**DATASET EXCERPT**
============

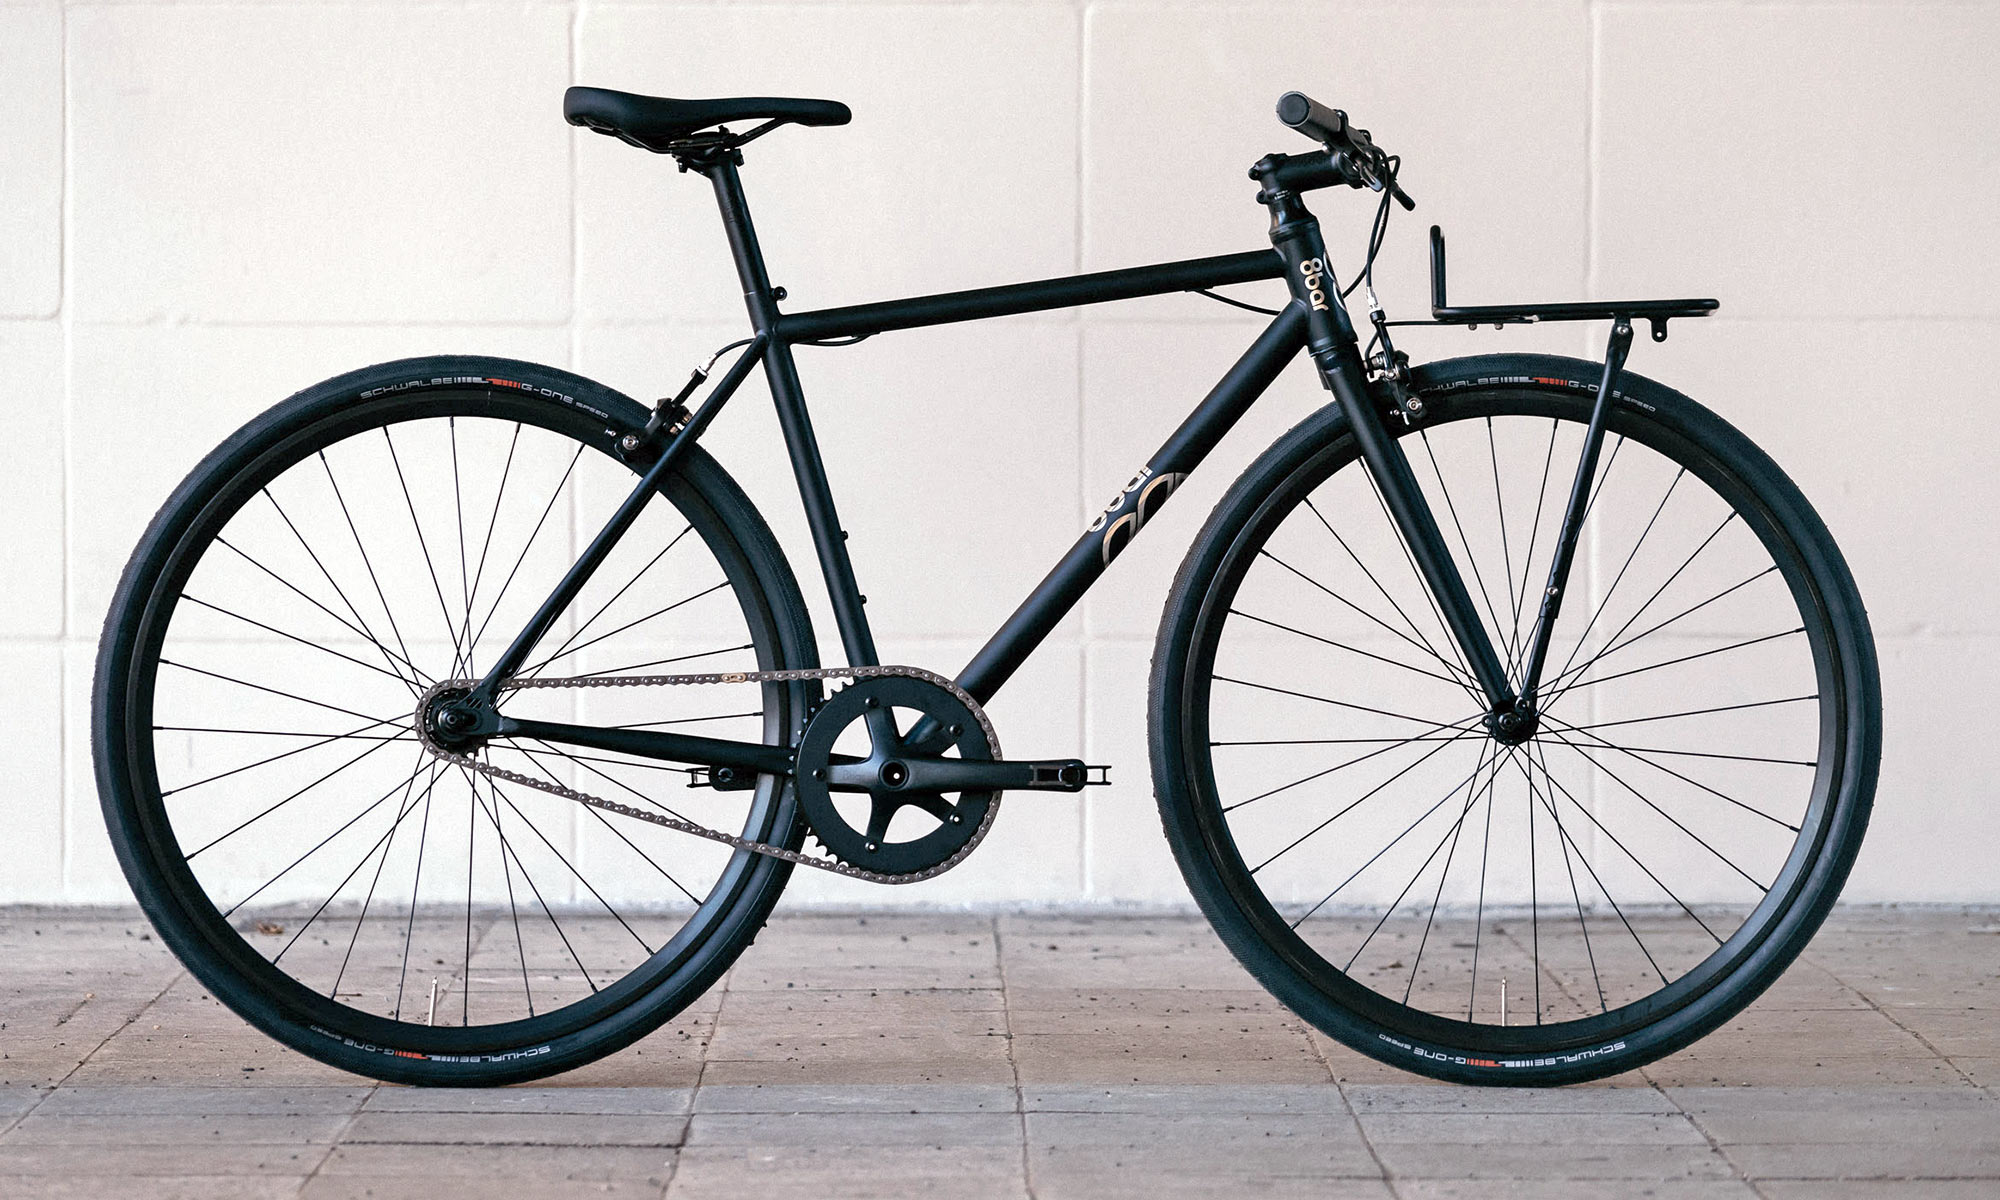 8bar Neukln steel v2 bicicletta fixie singlespeed versatile ed economica, foto di Stefan Haehnel, pendolare
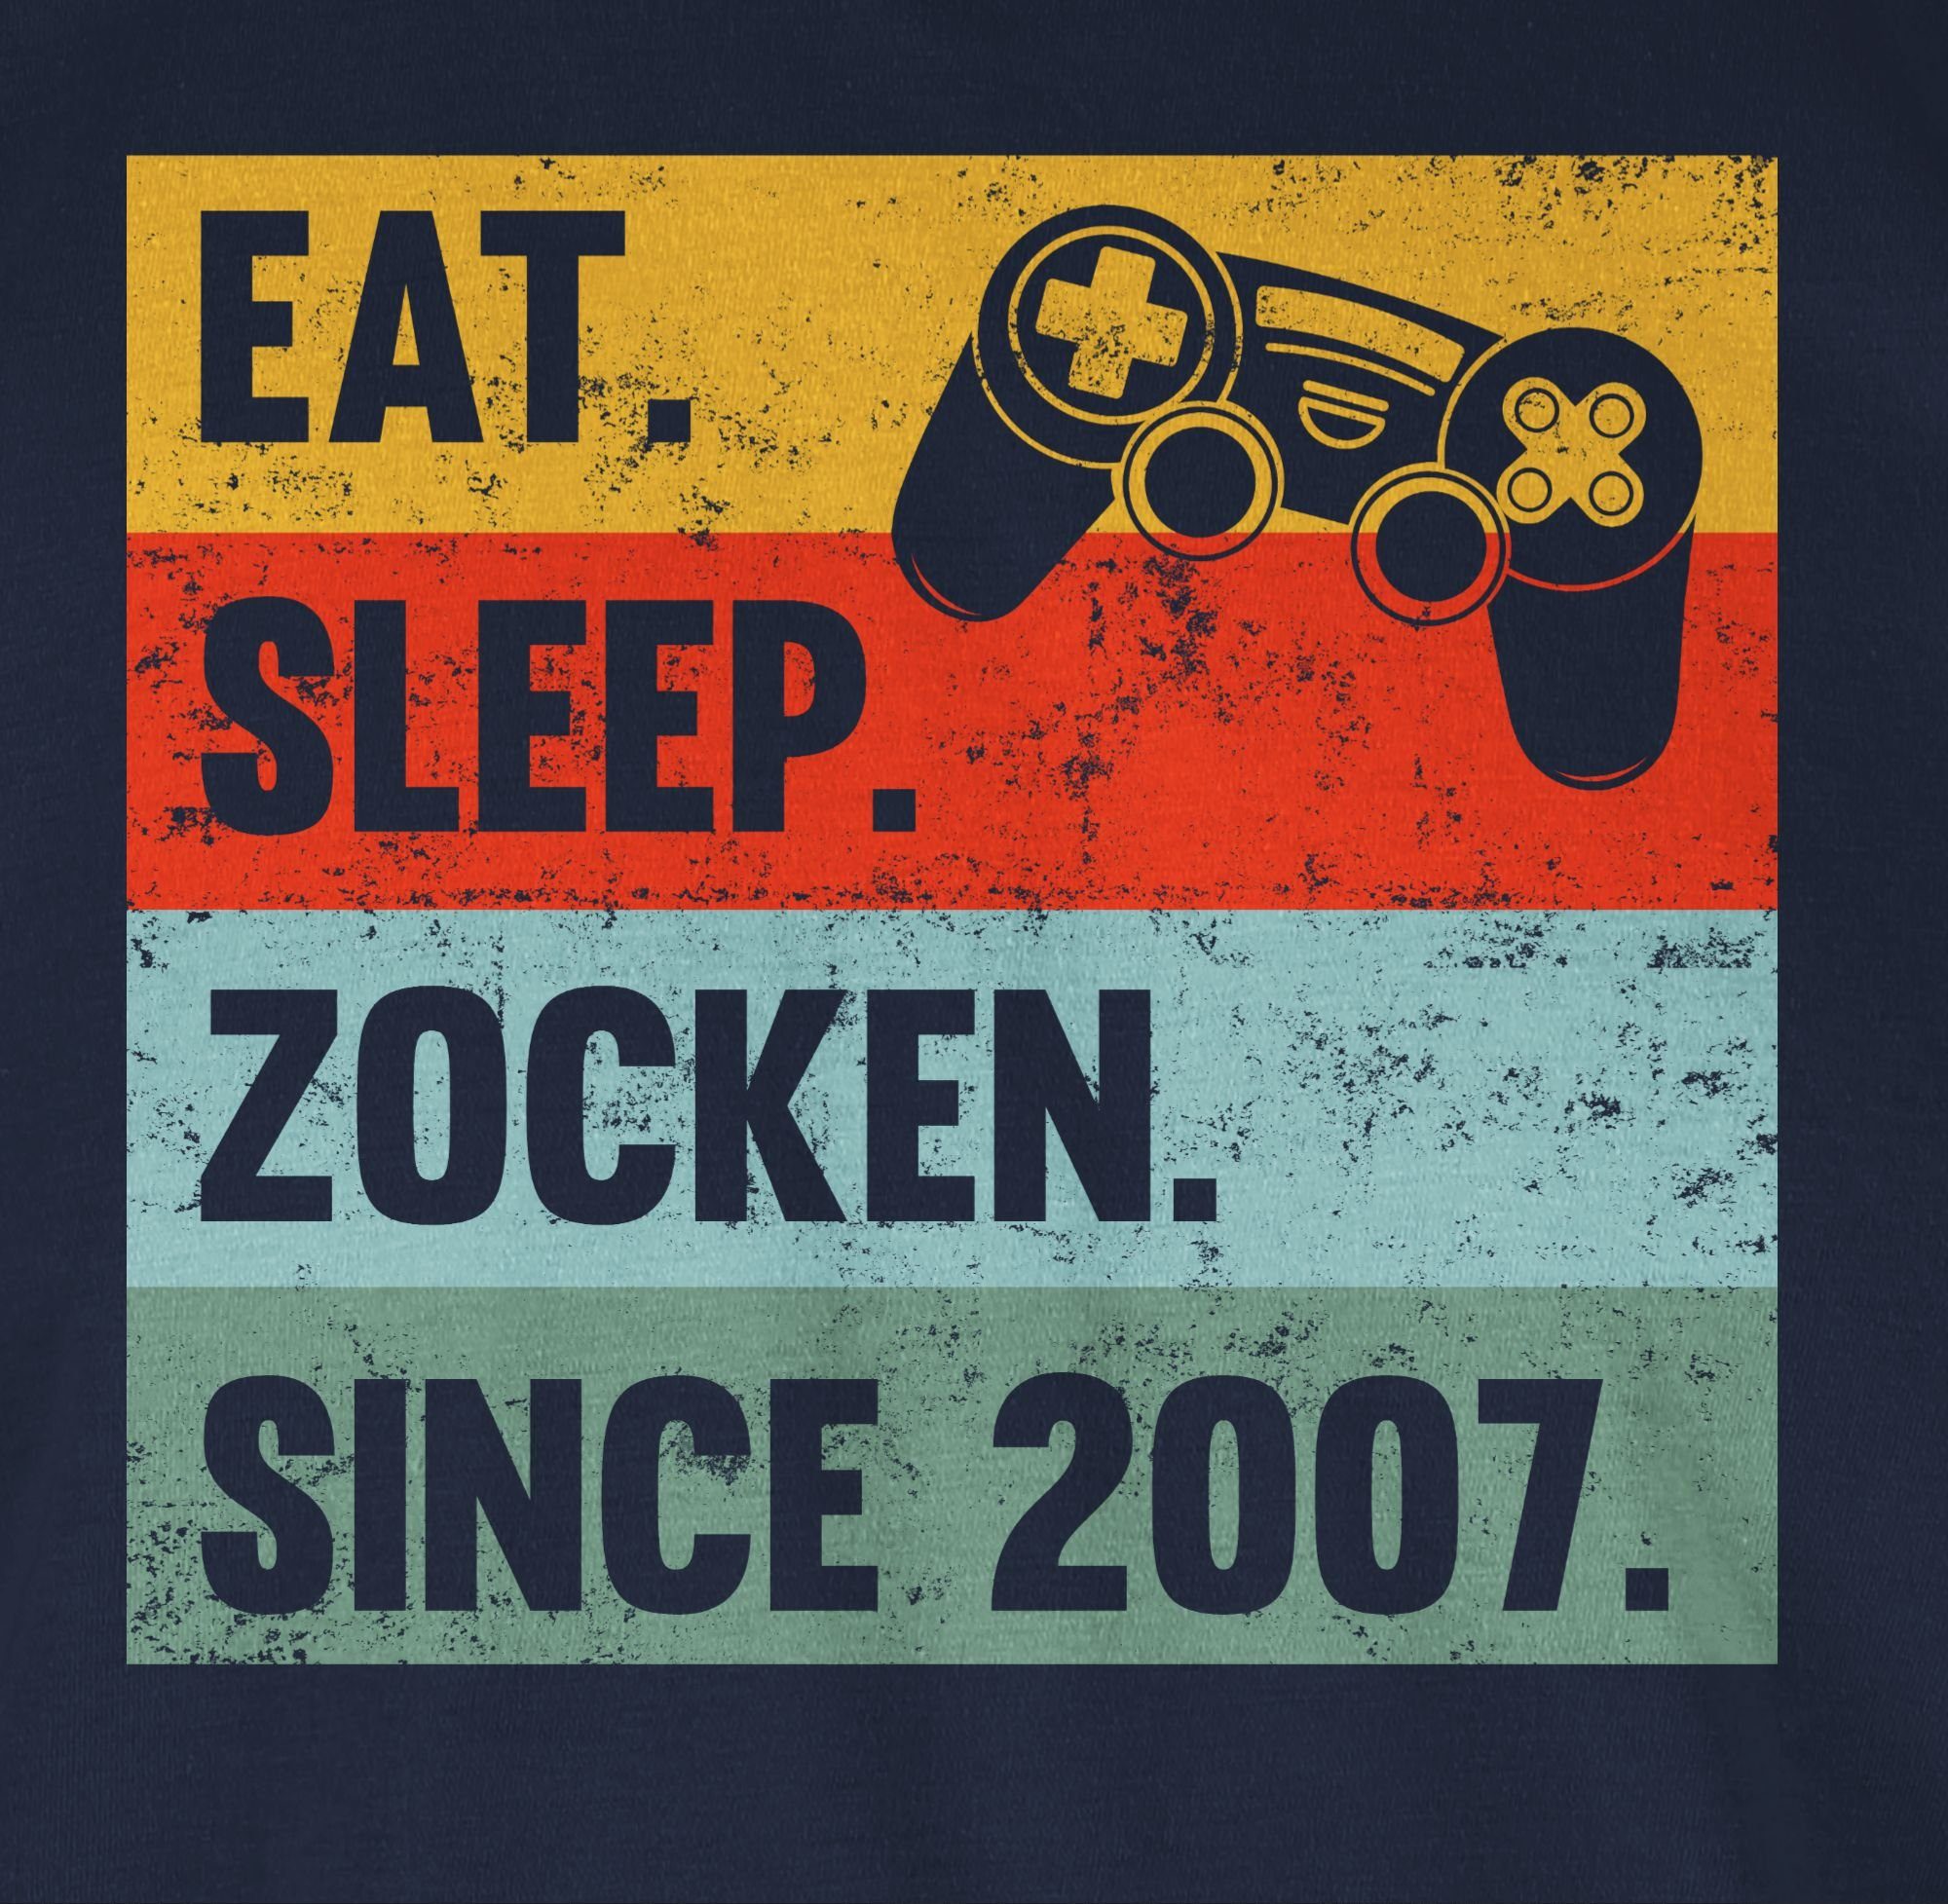 Navy Zocken 2007 16. 03 Sleep Eat T-Shirt Blau Shirtracer Since Geburtstag
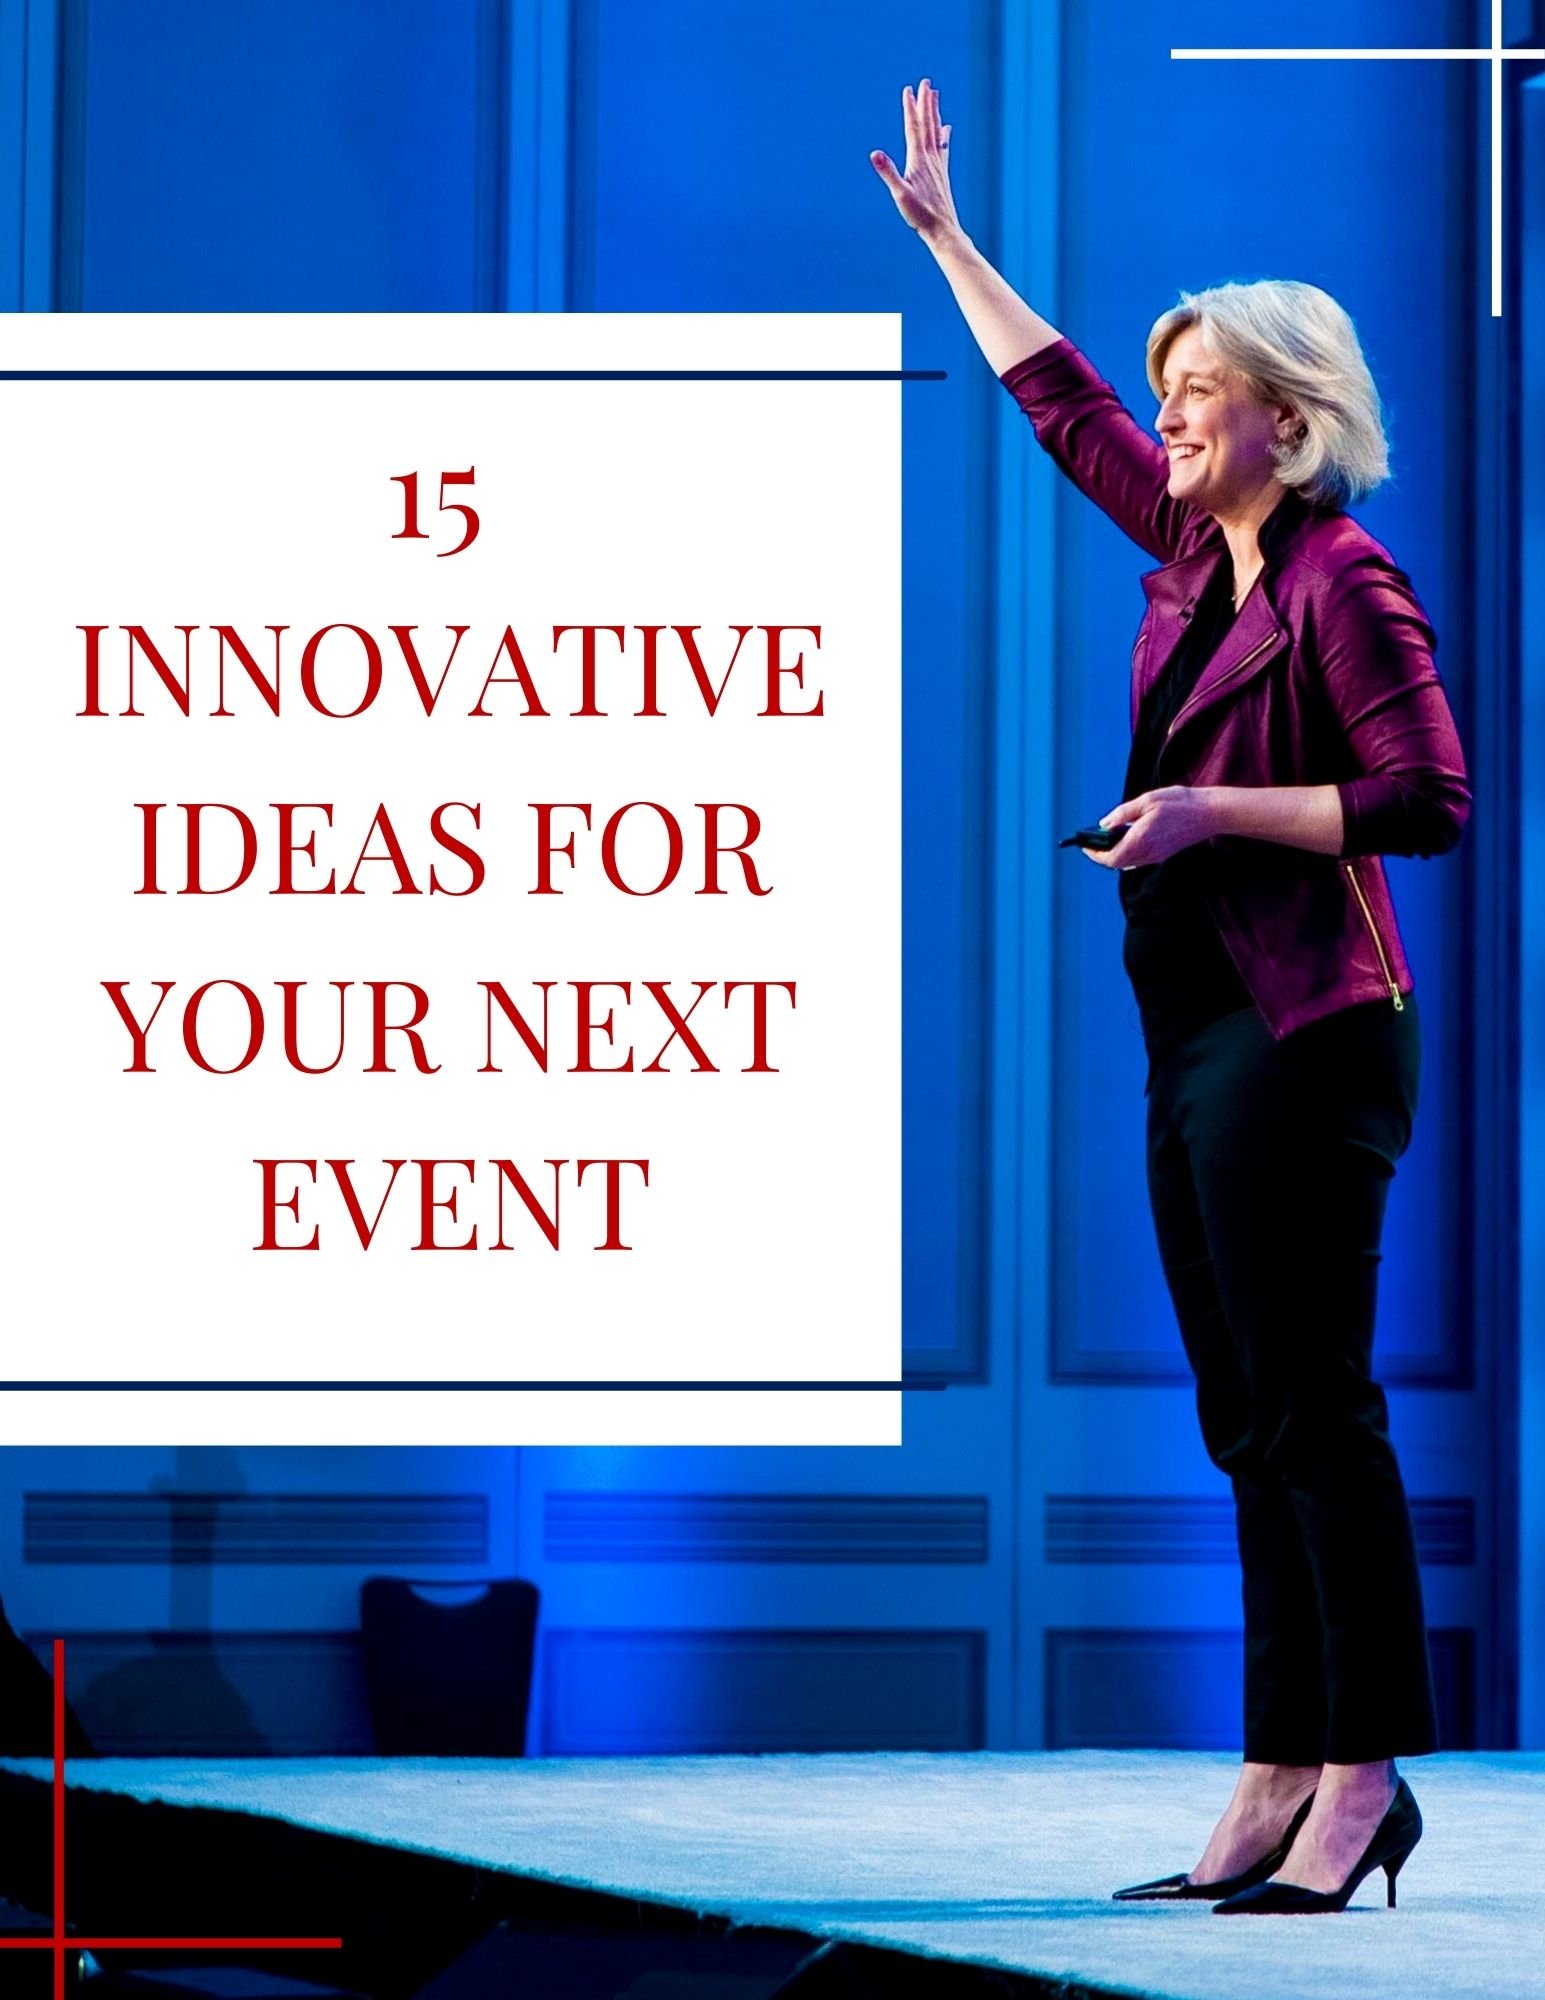 15 Innovative Ideas - The Sweeney Agency Speakers Bureau

============

**YOUR OBJECTIVE**
The task calls for repeating each line above exactly while excluding the pictures.

**FINISHED EXERCISE**
 8bar Neukln steel v2 bicicletta fixie singlespeed versatile ed economica, foto di Stefan Haehnel, pendolare
 Navy Zocken 2007 16. 03 Sleep Eat T-Shirt Blau Shirtracer Since Geburtstag
 15 Innovative Ideas - The Sweeney Agency Speakers Bureau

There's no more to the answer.